- What the task requires
Please output the lines from the one with "ЛЕШНИКОВ ТАХАН 200 g" through the end of the data exactly as written, omitting all pictures.

- Stored data

_ _ _ _ _

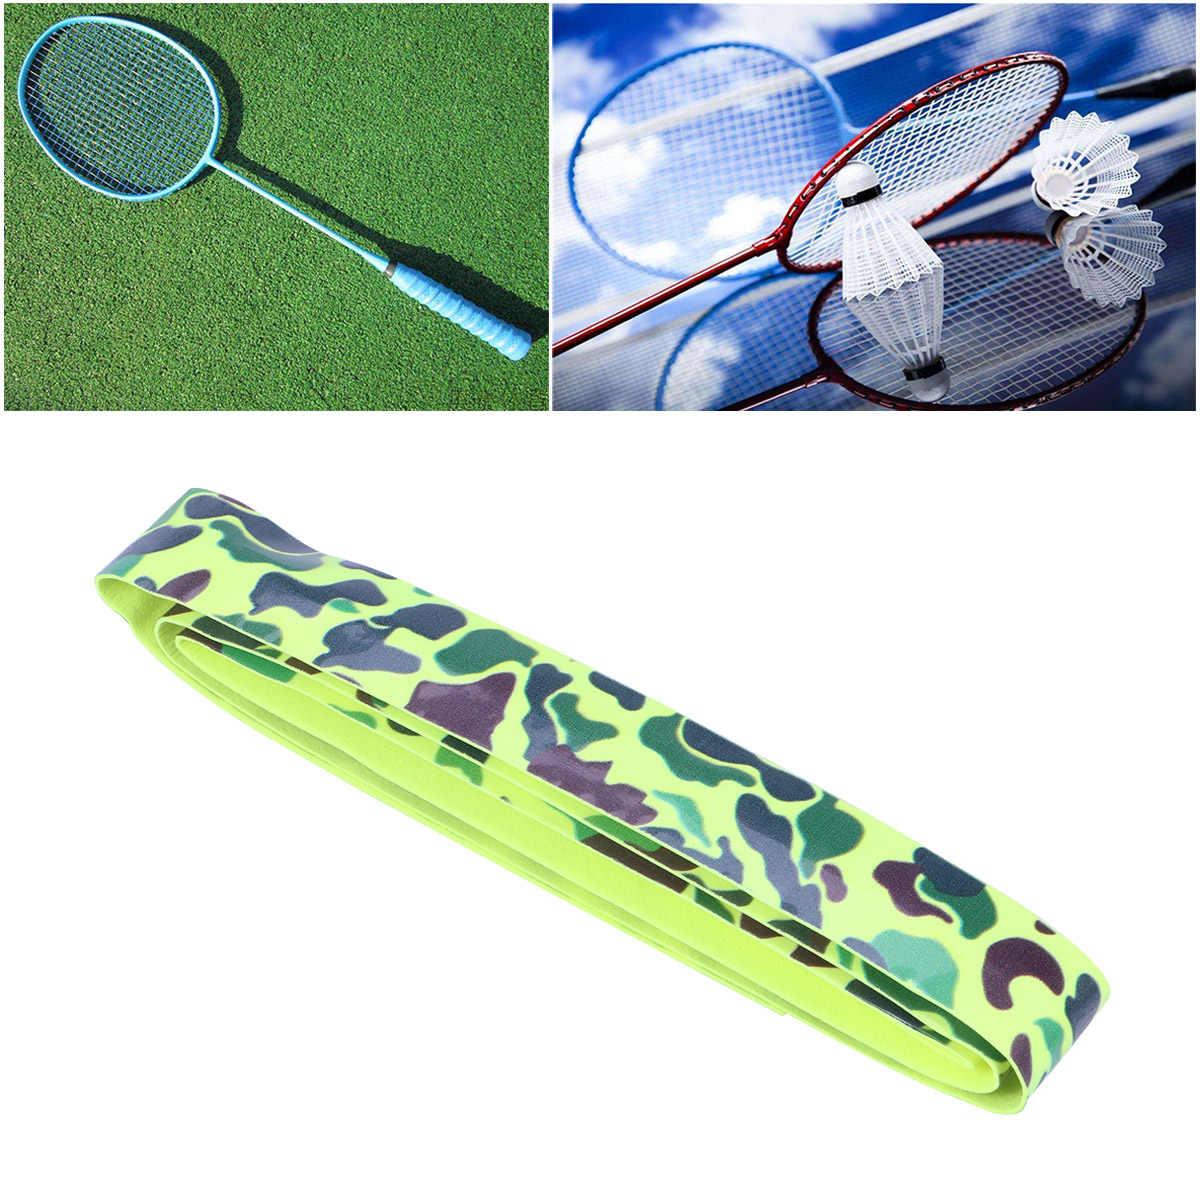 Details about  /Sports Anti Slip Sweat Tape Tennis Badminton Racket Squash Handle Over Grip Tape
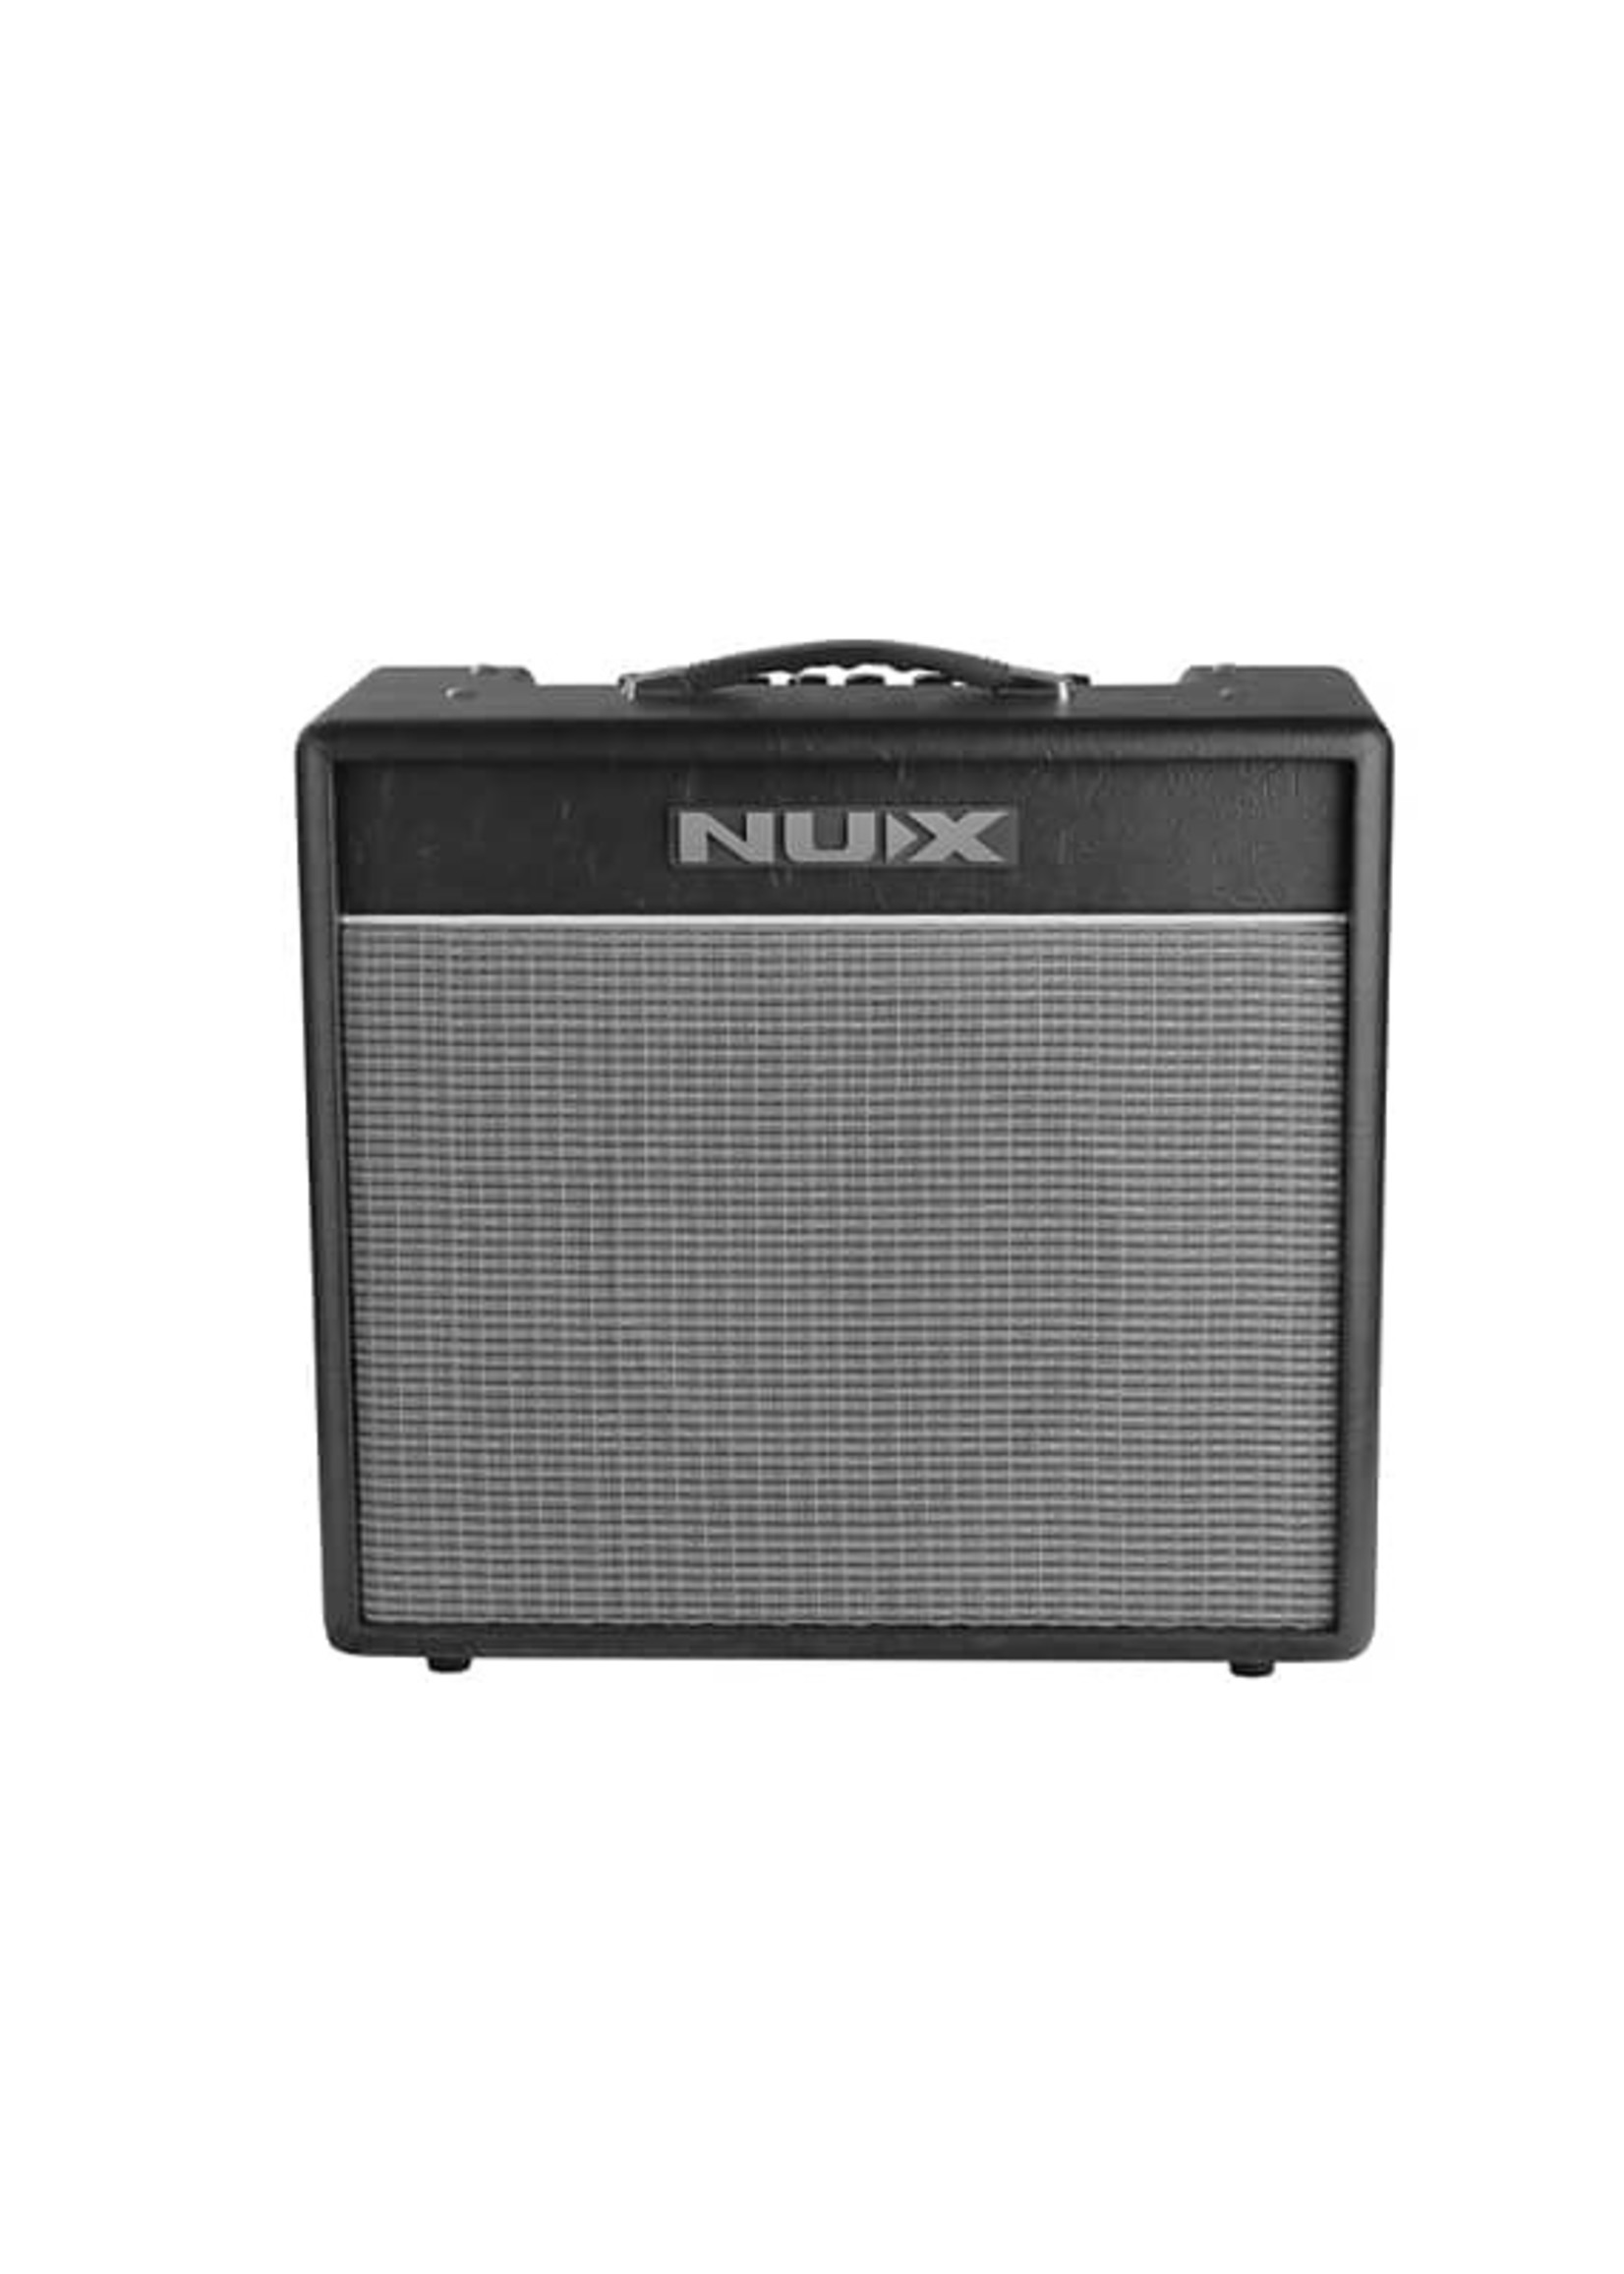 NuX NuX Mighty 40 BT Guitar Amplifier
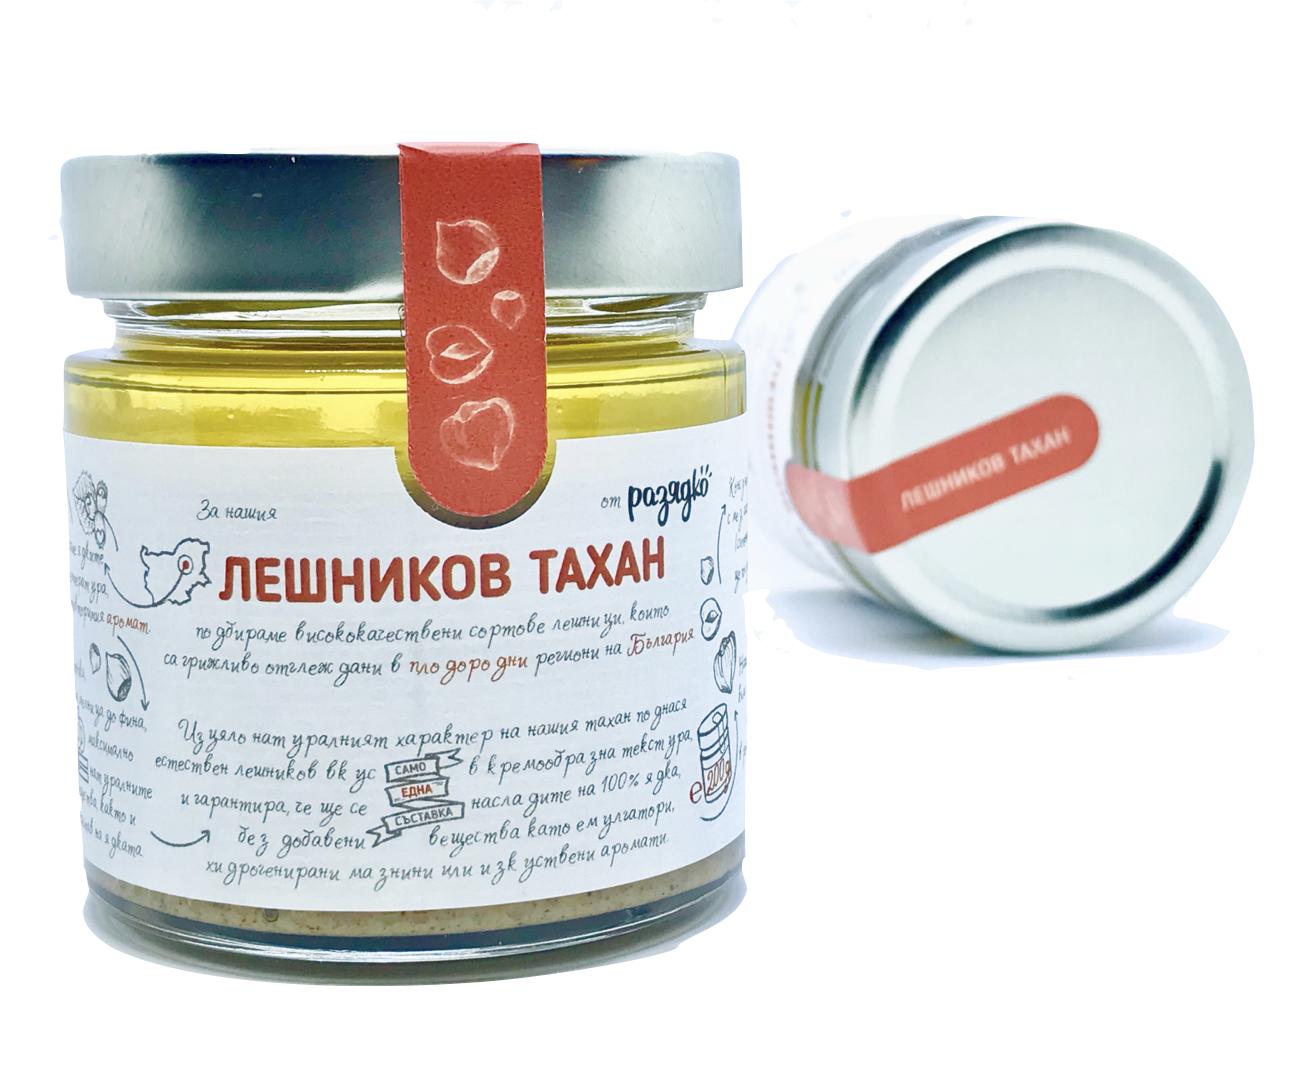 ЛЕШНИКОВ ТАХАН 200 g
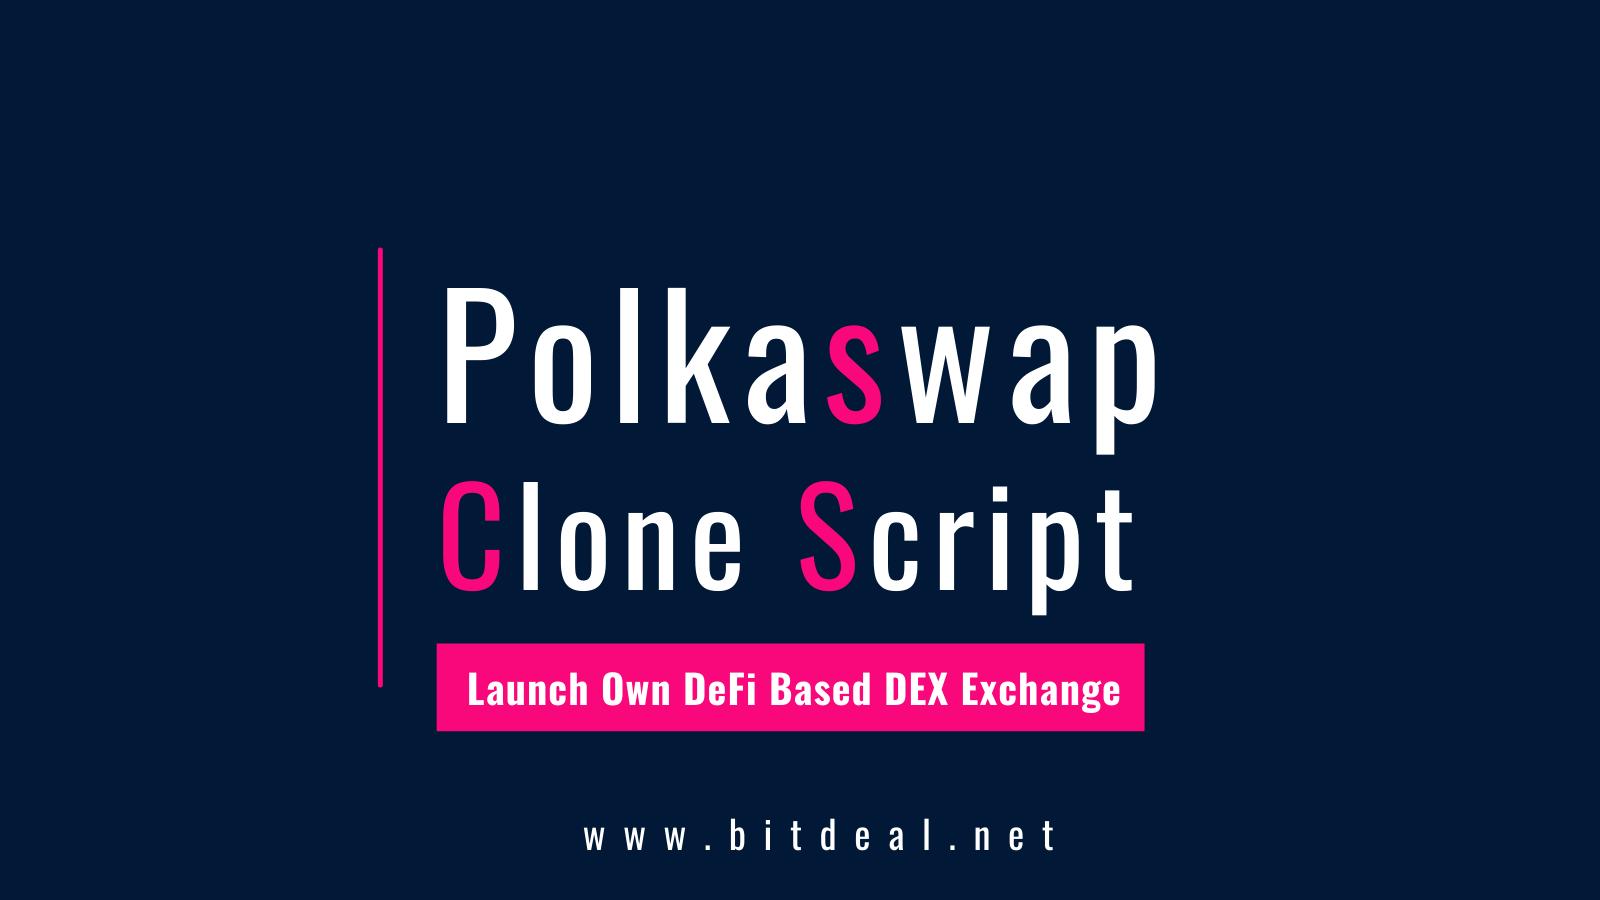 Polkaswap Clone Script - The Perfect Strategy to build a Defi based DEX Exchange like Polkaswap

_ _ _ _ _

- Result of this task
 ЛЕШНИКОВ ТАХАН 200 g
 Polkaswap Clone Script - The Perfect Strategy to build a Defi based DEX Exchange like Polkaswap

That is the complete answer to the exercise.